= Oxinium =

Oxinium is the brand name of a material used for replacement joints manufactured by the reconstructive orthopedic surgery division of medical devices company Smith & Nephew. It consists of a zirconium alloy metal substrate that transitions into a ceramic zirconium oxide outer surface.

The ceramic surface is extremely abrasion resistant compared to traditional metal implant materials such as cobalt chromium. It also has a lower coefficient of friction against ultra-high molecular weight polyethylene (UHMWPE), the typical counterface material used in total joint replacements. These two factors likely contribute to the significantly lower UHMWPE wear rates observed in simulator testing. Reducing UHMWPE wear is thought to decrease the risk of implant failure due to osteolysis. All-ceramic materials can have a similar effect on reducing wear, but are brittle and difficult to manufacture. The metal substrate of Oxinium implants makes components easier to manufacture and gives them greater toughness (a combination of strength and ductility). In essence, this technology combines the abrasion resistance and low friction of a ceramic with the workability and toughness of a metal.

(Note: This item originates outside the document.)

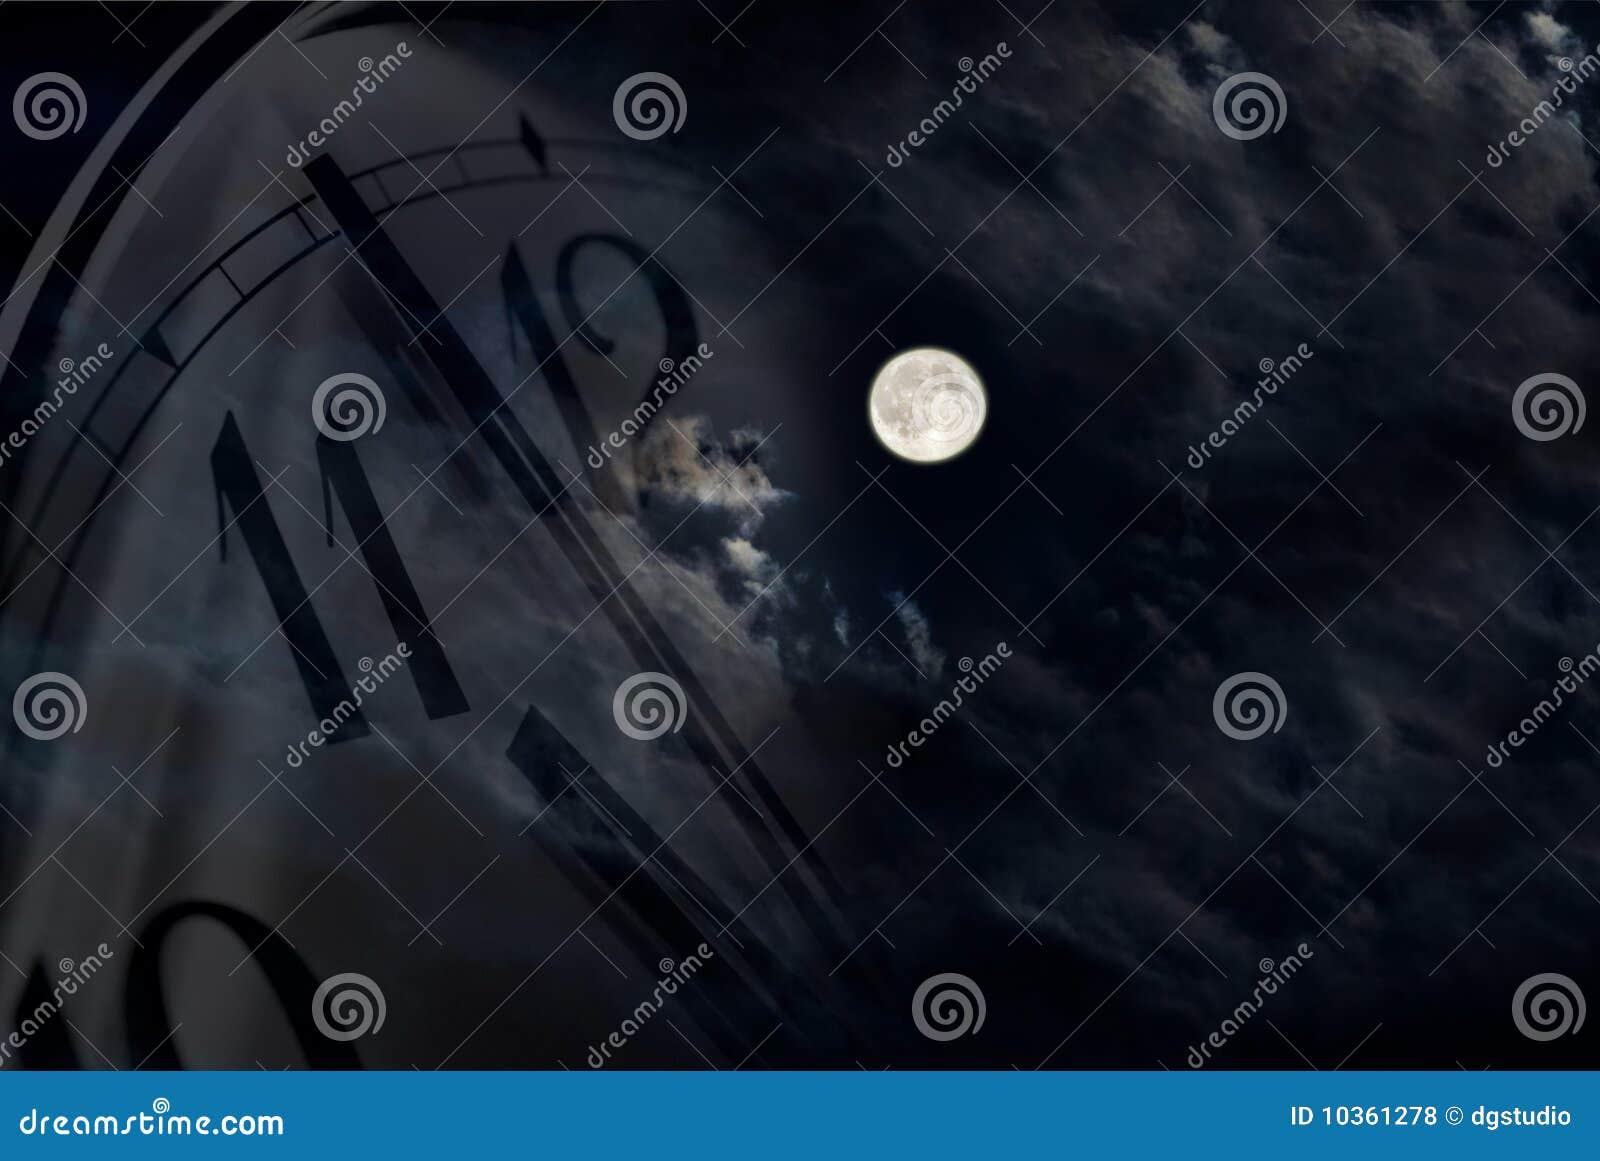 Moon and clock

This combination of properties led to Oxinium technology being the first ever implant-related technology to win the prestigious ASM International Engineering Materials Achievement Award (EMAA) in 2005.

Current competitive reduced-wear options in total hip arthroplasty (THA) are ceramic-on-ceramic, metal-on-metal, and metal-on-cross-linked polyethylene. The only competitive reduced-wear option for total knee arthroplasty (TKA) is metal-on-cross-linked polyethylene.

In September 2003, Smith & Nephew recalled its Macrotextured Oxinium Profix and Genesis II knee implants because of reports that 30 people receiving the implants without bone cement had to undergo a replacement surgery after they became loose.